The mice in the experiment were genetically altered to develop the brain plaques indicative of Alzheimer’s. They were then exposed to cell phone radiation for two hours per day over a period of up to nine months.
After that, the mice were put through tests designed to measure if they were suffering from dementia. And unlike Alzheimer’s mice which weren’t exposed to the cell phone radiation, they didn’t. If the mice were exposed to the cell phone radiation while they were young and before they developed the symptoms of dementia, they never displayed them. If they were exposed to the radiation after they had already begun to show signs of dementia, the symptoms went away after the exposure began. In both cases, cell phone radiation appears to have protected the mice from additional brain damage.
The researchers say they’ve seen cellular radiation improve memory performance not just in Alzheimer’s-affected mice but in normal mice, as well.

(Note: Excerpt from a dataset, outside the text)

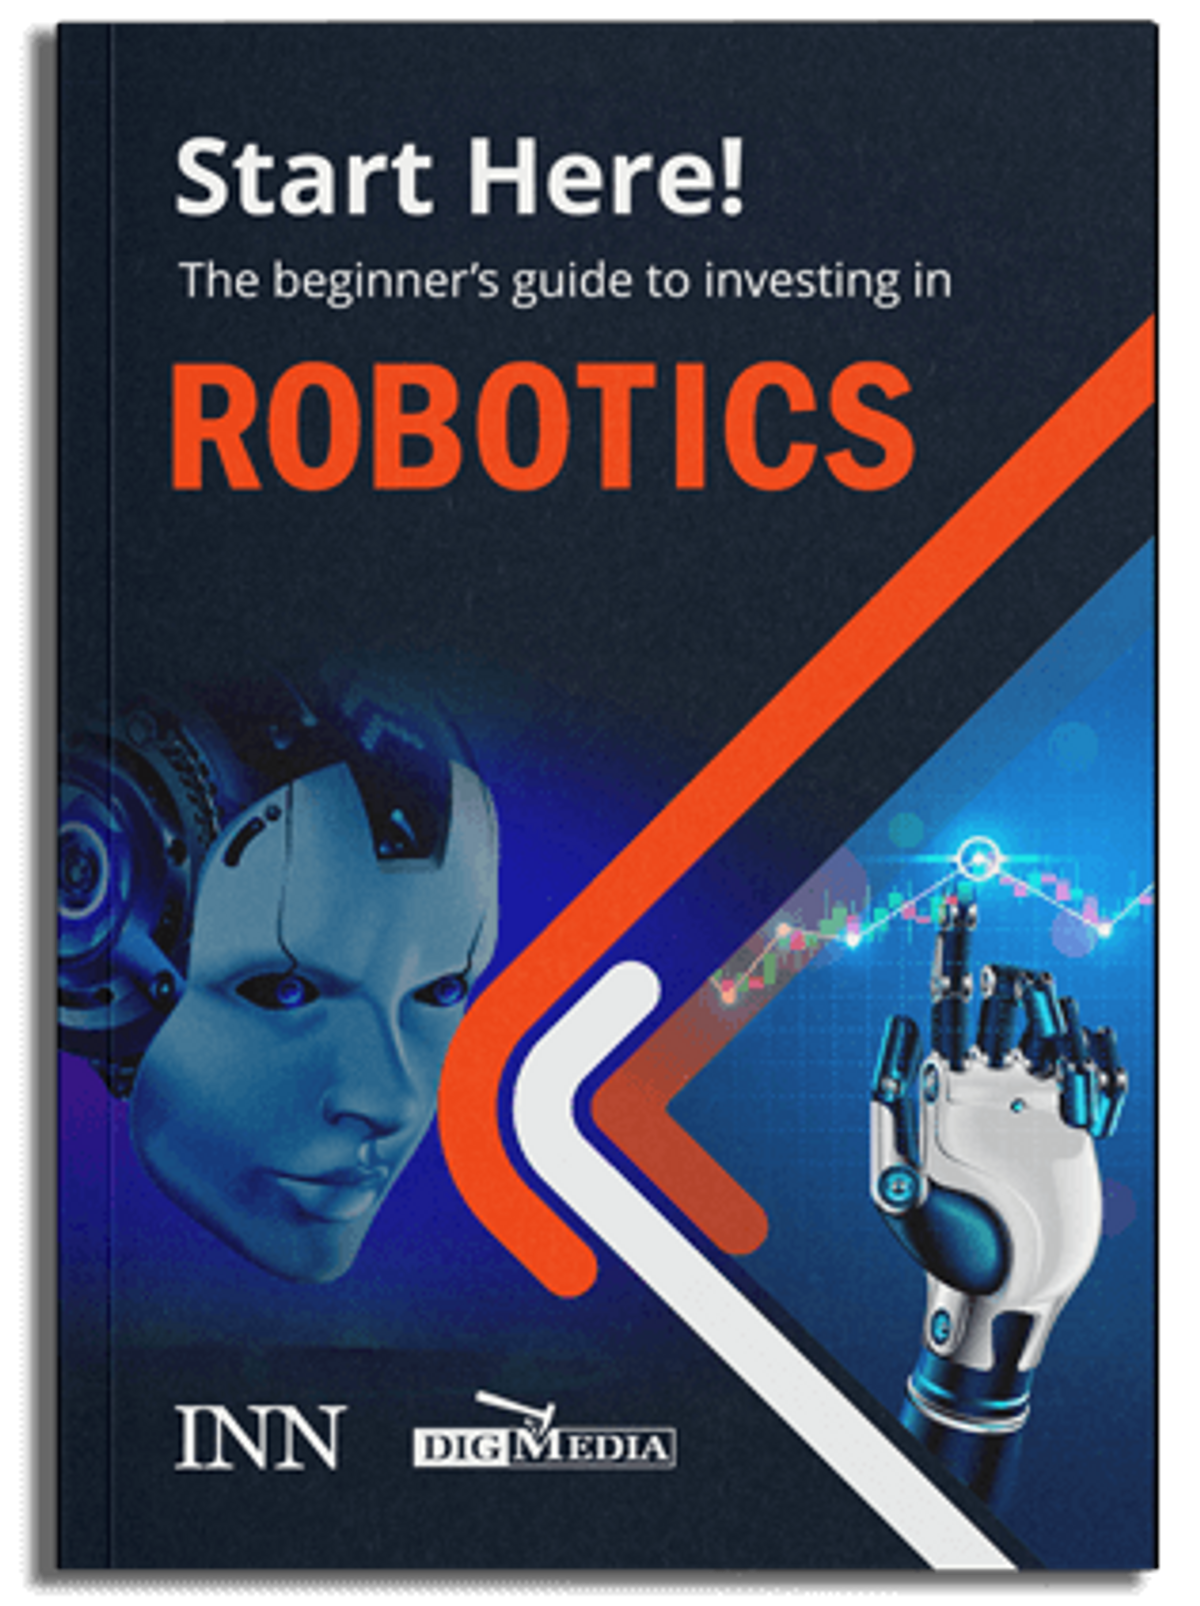  The Beginner's Guide to Investing In Robotics

Now don’t get too excited about the study’s applicability to human subjects: Since mouse brains are so much smaller, a similar effect in humans could take years to produce instead of months, but it could indicate that exposure to the type of radiation found in cell phones could ultimately become a treatment for Alzheimer’s in humans.
Up next is research into specific frequencies that best generate the protective effect in the brain. Cell phones operate on a variety of so-called “high frequency” waves, but “low frequency” waves, such as those created as a by-product of power line transmissions, have generated some concern as increasing the risk of Alzheimer’s in some studies. Is there a magic electromagnetic frequency that could save the brain from dementia? Check back in a few years… if you can remember, that is.